The publicly funded Catholic school population in Ontario is comprised of three groups.  The first, and perhaps the smallest group, is Catholic students in religious and faithful Catholic families that attend Church weekly and believe in the tenants of the religion.  The second group is the non-Catholic, fundamentalist Christian and now, lately, Muslim families who hope to benefit from an education system that is trying to "instill" some sort of religious values.  The third group, and by far the largest, is lapsed Catholics who have a tradition of attending Catholic schools but are no longer believers in any faith and enrol their children out of some vague sense of duty or faith. They have some superstitious notion that God should be part of something.  This group likes the convenience of the system but would never fight to defend it because they don't really believe in Catholicism.  Their children were the ones walking out of the prayer during that basketball game.

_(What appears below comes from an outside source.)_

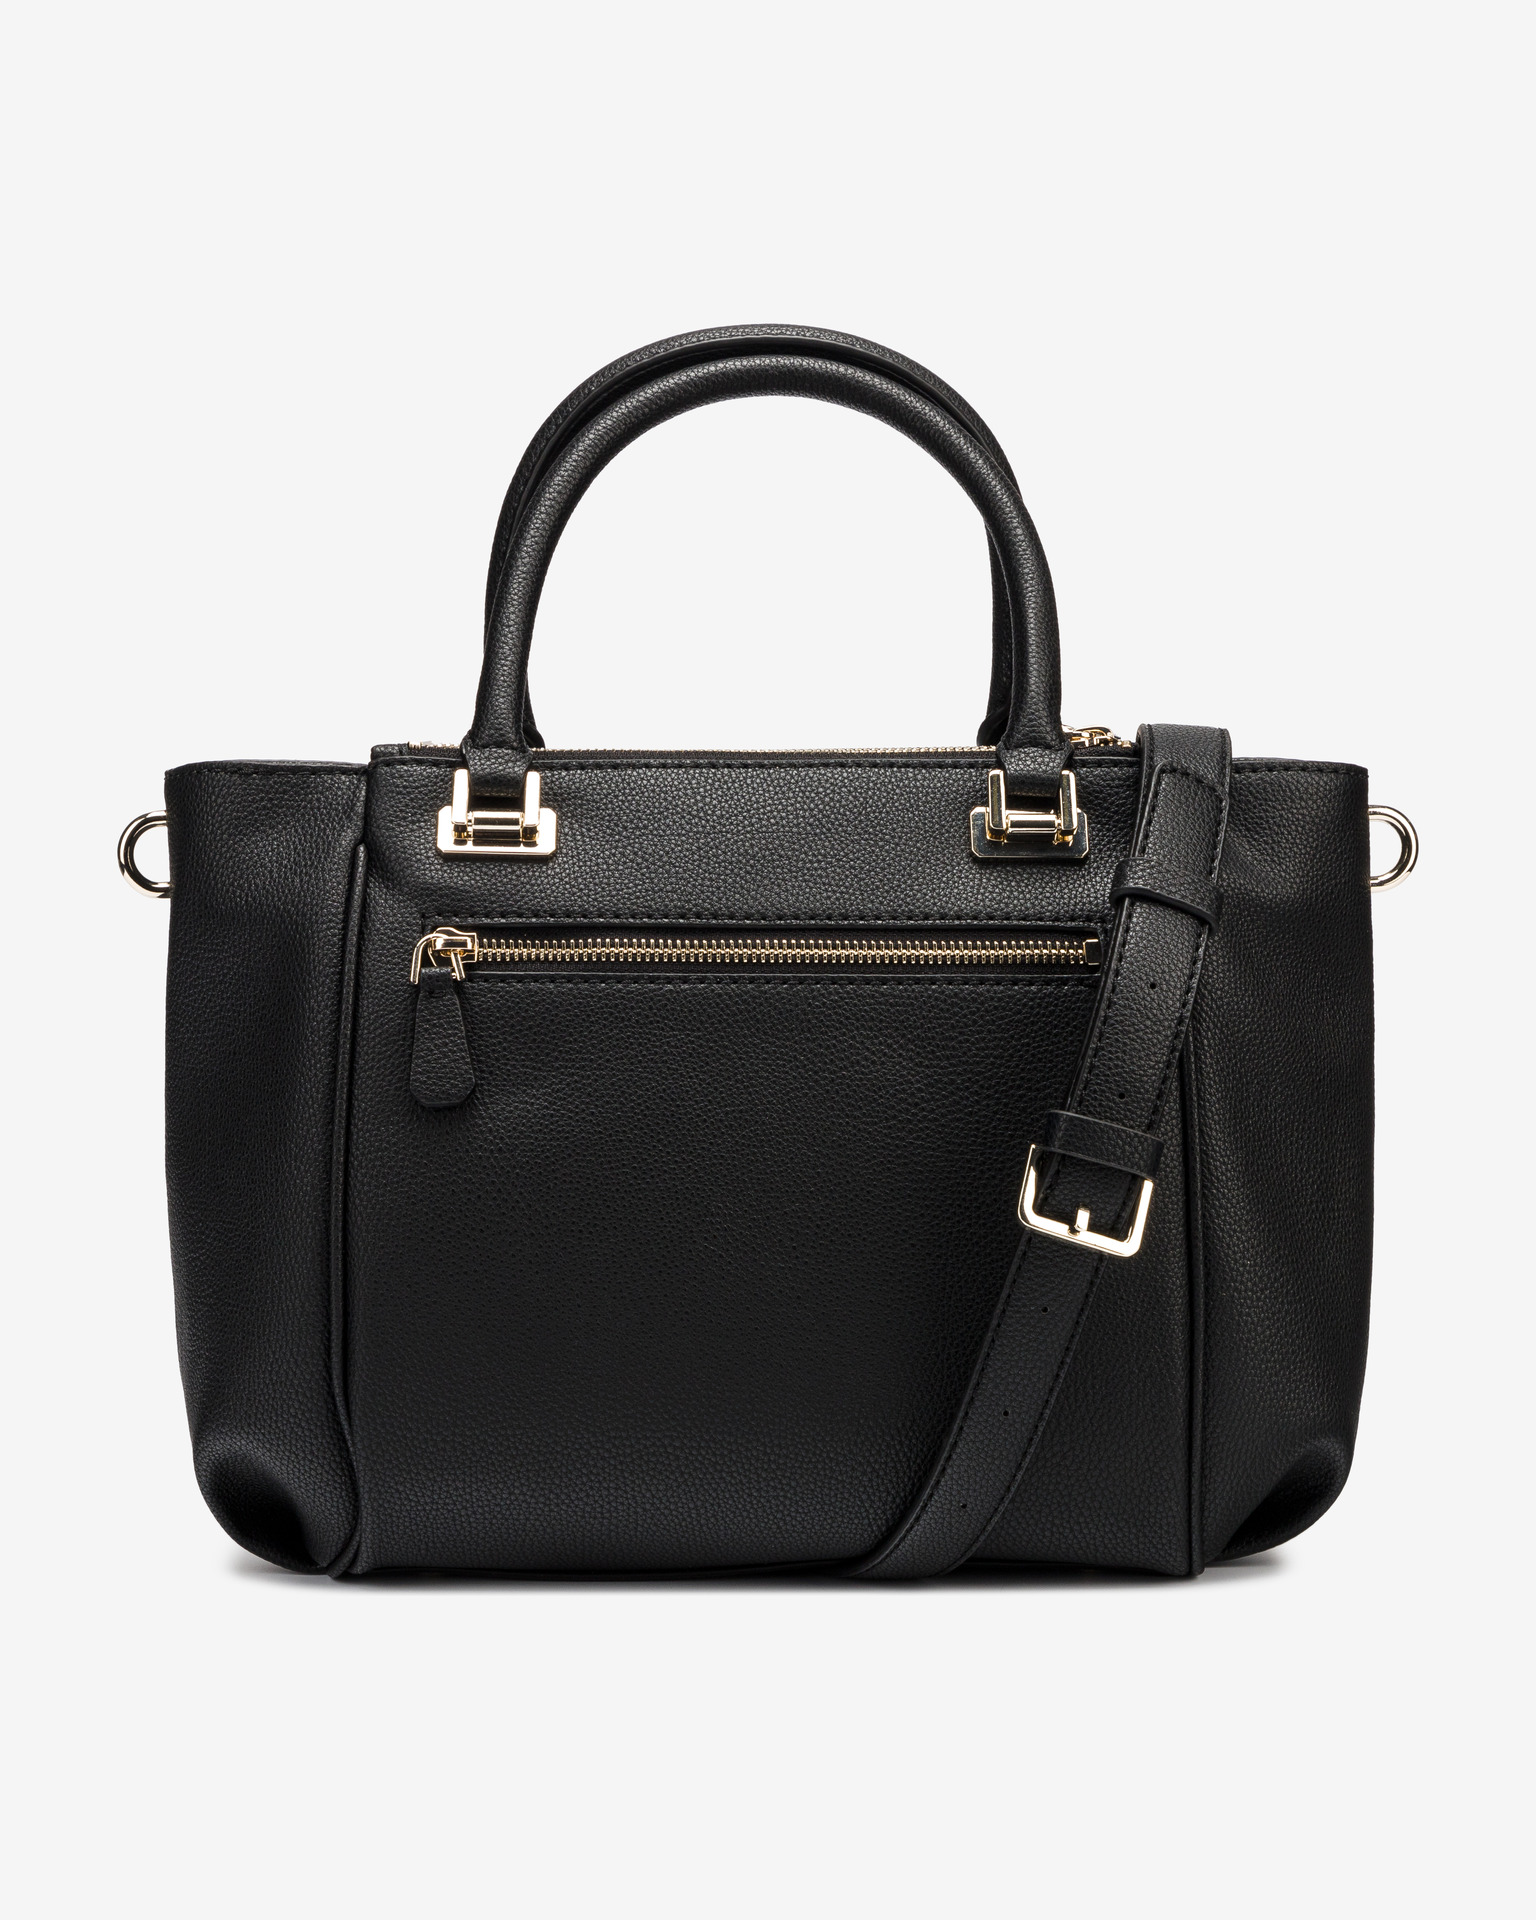 Guess black handbag Destiny Status

All of these groups cling to the tattered idea that Catholic schools are more disciplined and better.

This composition poses problems for Catholic school systems across Ontario.  The first problem is despite all sorts of initiatives, including discriminatory hiring, Catholic graduate expectations, integration of religion in all subjects, permanent full time chaplains, prayer centers and the demanding of compliance in faith celebrations, they can't make their students and their families, Catholic. Secondly, the growing segment of their population, fundamentalist or Muslim, has no intention of ever becoming Catholic.  Both of these problems, slowly, gradually and in an instant, transmutes the school, changing it into something else.

The current Catholic system will be at a crossroads shortly.  Governments and courts are starting to understand that the system, while governed by dedicated Catholics, does not have a constituency that is Catholic and that there just are not enough students to go around to keep two school systems running in most communities.  Pressure will build to move to one school system and some political party is going to take advantage of this pressure.  An astute provincial political leader will learn that the system simply doesn't have the numbers to defend itself.

In Ontario, if the current leaders of the Catholic system, Directors of Education, OECTA and Chairs of the Board and trustees and dioceses were proactive, they'd recognize this gradual instant and manage it.  They'd open discussions with the government around the integration of the separate school system into the public, guaranteeing Catholic education would continue in some form in the new, unified system.

If they don't recognize that the system they are governing has changed, then, in a gradual instant, it will become a fossil.